Why do organ recipients need to be a match but have to take anti rejection meds for the rest of their lives?


Why do organ recipients need to be a match but have to take anti rejection meds for the rest of their lives?

In: 911

Blood type match but not dna match. The body will always recognise that it is a foreign imposter. The organ is basically on life support from your body and, in turn, gives your body life support but never truly integrates with you entirely.

Your dna is a complete genetic set of instructions for your cellular makeup, and everyone’s is different. The transplanted part will always have its own set of genetic instructions and will never match your own. Your body has to be tricked into not attacking what is essentially not part of you. Forever…

Two big reasons. First off size a heart of a 12 year old won’t pump enough blood in a 30 year old. Next is rejection rates. Anti rejection meds only slow the process a matching organ also helps. Any organ transplant will eventually get rejected every step is taken to make it last. Needing an organ transplant is generally considered terminal even if you get the organ

“A match” is a matter of degree, and “rejection” is a matter of degree. No organ transplant will ever really be a perfect match, your body will always recognize foreign DNA. But some are a closer match than others. If it’s not a close match at all it will be instantly rejected, if it’s a close match, it’ll take many years before it’s fully rejected. The anti-rejection meds slow down the process of rejection, but they can’t cancel the basic biology of it all. The drugs won’t work at all on a bad match, and even with a good match, they won’t work forever. It’s considered lucky if you get 20 years out of a kidney transplant before it finally fails and you need another transplant. They usually fail within 10 years.
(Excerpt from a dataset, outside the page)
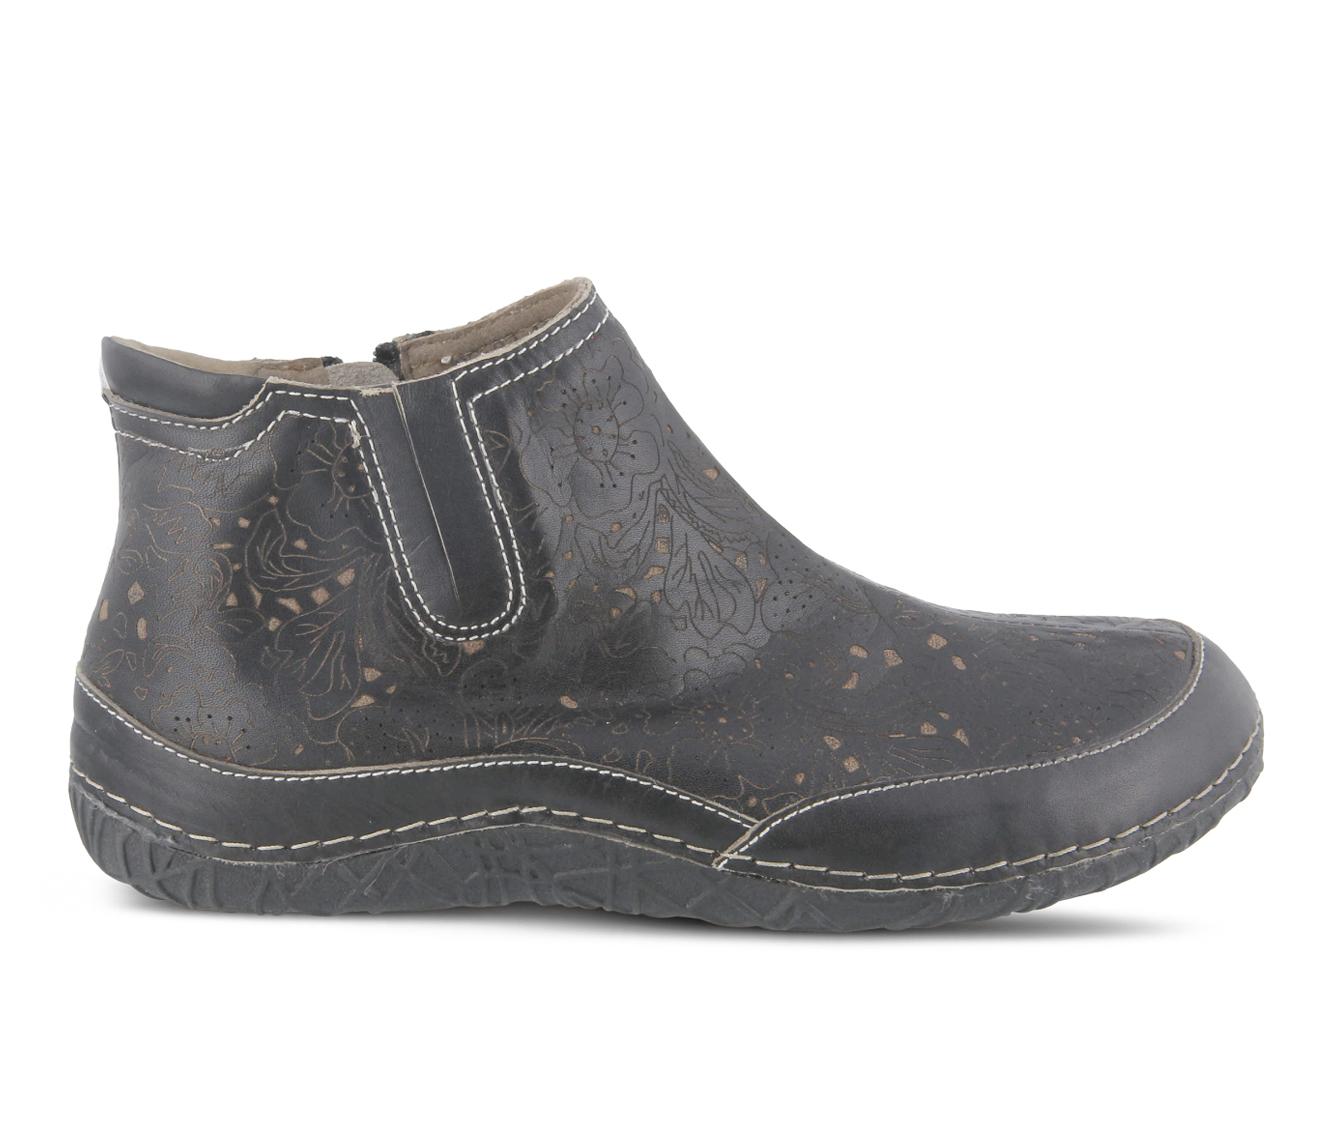 L'Artiste Libootie Women's Boots (Black Leather)

When someone gets an organ transplant, like a new kidney, their body will eventually see it as an invader and attack it. To avoid this, doctors look for a “match” which means finding an organ that is similar enough to the patient’s own organs, so the body is less likely to attack it. This is like finding a piece from some else’s puzzle that fits well, but not perfectly, in your puzzle—and your immune system can see the difference. Even when doctors find a good match, there’s still a chance the body might try to aggressively reject the new organ. So, patients have to take drugs like immunosuppressants and steroids for their whole lives, or until the immune system finally “catches on.” These drugs calm down the body’s defenses so it doesn’t fight the new organ so hard.

I’d like to piggyback on this question:

If eventually the donated organ is rejected that means they need to go onto the registry multiple times.

Which means those that it took a long time the first time and almost died b/c of that wait they have a very decent chance of not getting a new one (unless random “luck”) which is then now an even greater death sentence.

So, while we can be thankful they got off the registry finally, we also know that once they get the transport and regain strength or whatever they better make the most of it b/c they are already on borrowed time.